■ Recorded information
..........

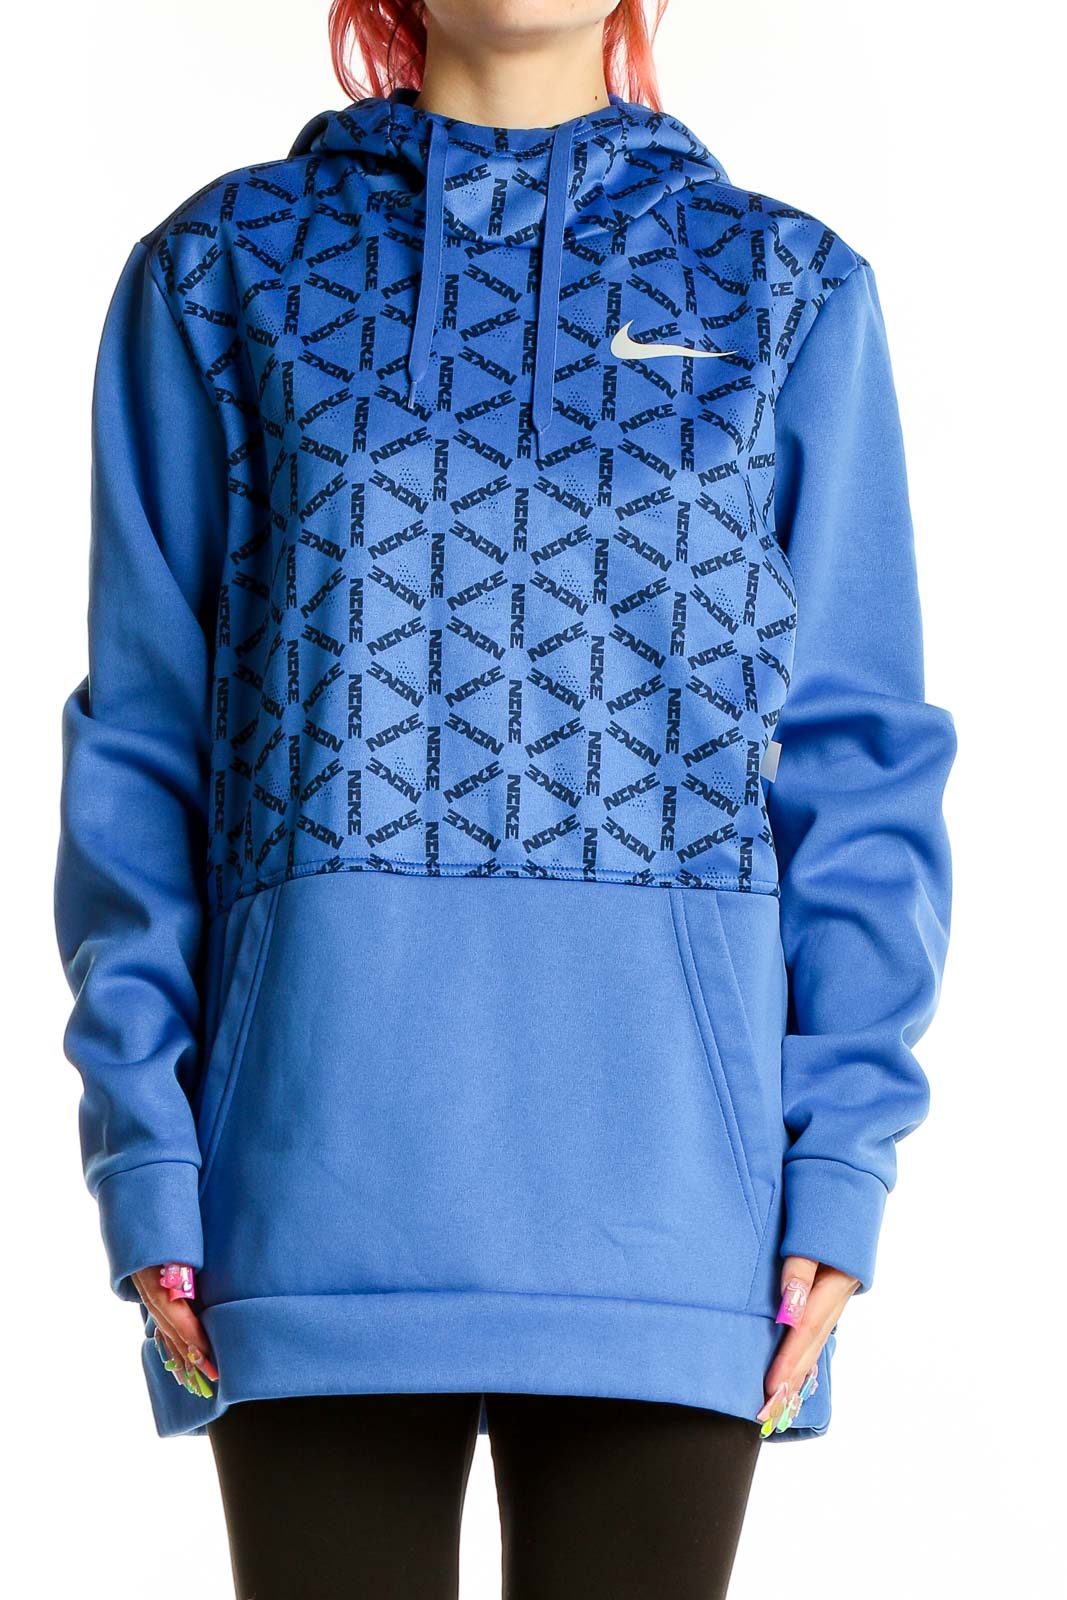 Blue Hooded Sweatshirt Front
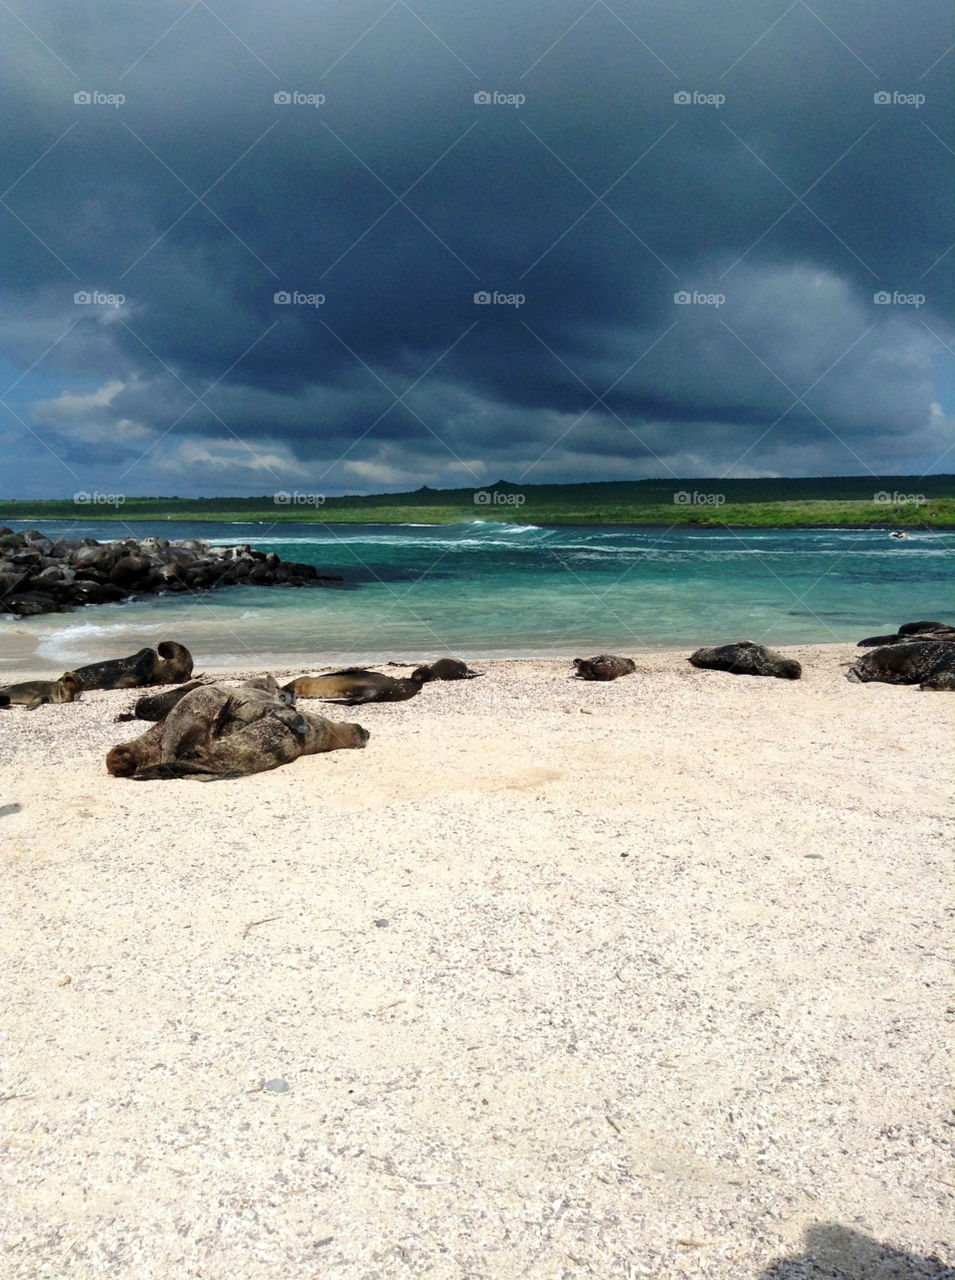 Sea lions on Galapagos beach
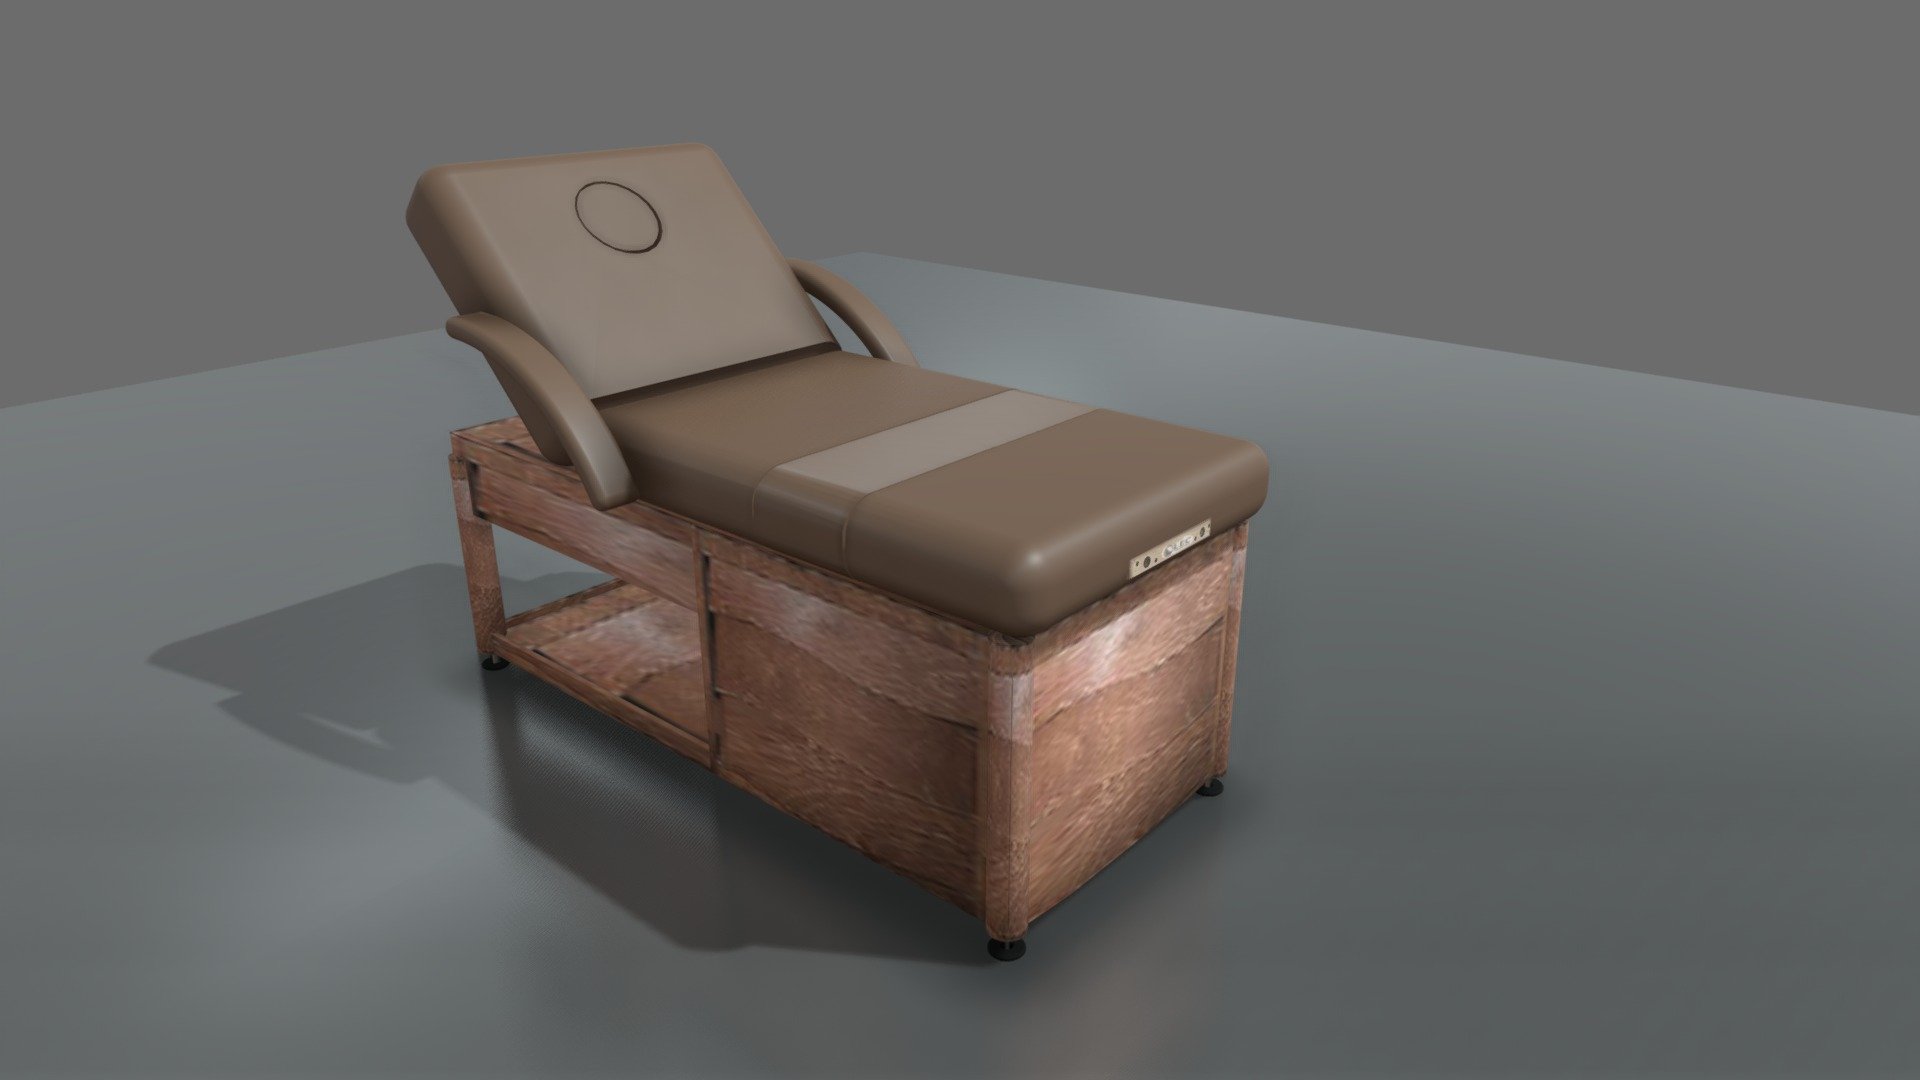 MASSAGE TABLE SPA - 3D model by CG Studios 3d model
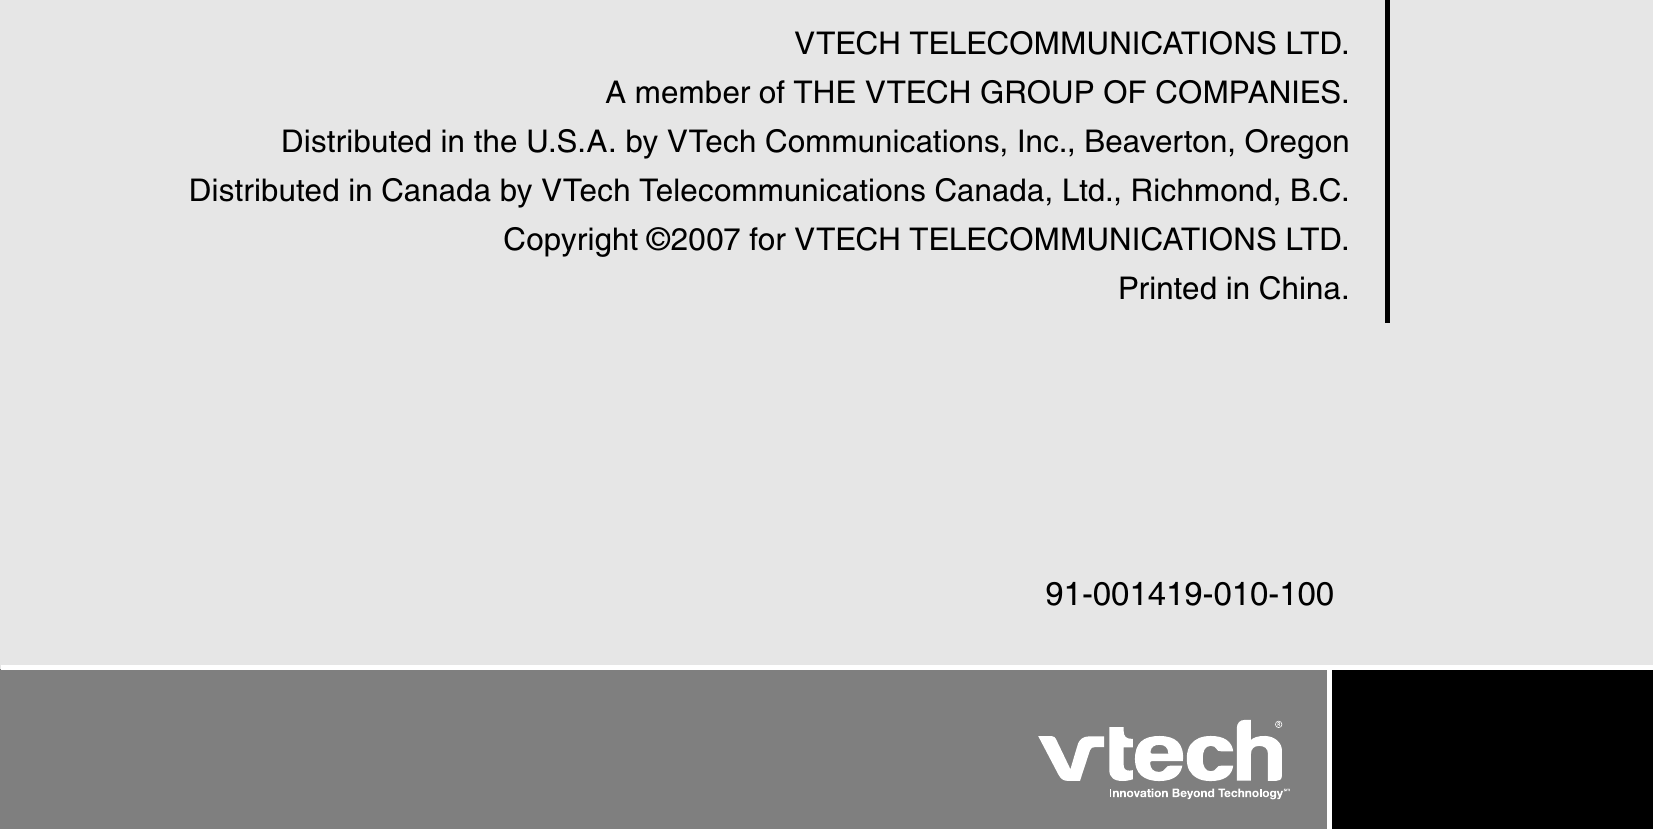 VTECH TELECOMMUNICATIONS LTD.A member of THE VTECH G ROUP OF COMPANIES.Distributed in the U.S.A. by VTech Communications, Inc., Beaverton, OregonDistributed in Canada by VTech Telecommunications Canada, Ltd., Richmond, B.C.Copyright © 2007 for VTECH TELECOMMUNICATIONS LTD.Printed in China.91-001419-010-100

..........

■ What is being asked
An exact copy of the listing is required; return it without any pictures.

■ Output of the exercise
 Blue Hooded Sweatshirt Front
 Sea lions on Galapagos beach
 MASSAGE TABLE SPA - 3D model by CG Studios 3d model
 VTECH TELECOMMUNICATIONS LTD.A member of THE VTECH G ROUP OF COMPANIES.Distributed in the U.S.A. by VTech Communications, Inc., Beaverton, OregonDistributed in Canada by VTech Telecommunications Canada, Ltd., Richmond, B.C.Copyright © 2007 for VTECH TELECOMMUNICATIONS LTD.Printed in China.91-001419-010-100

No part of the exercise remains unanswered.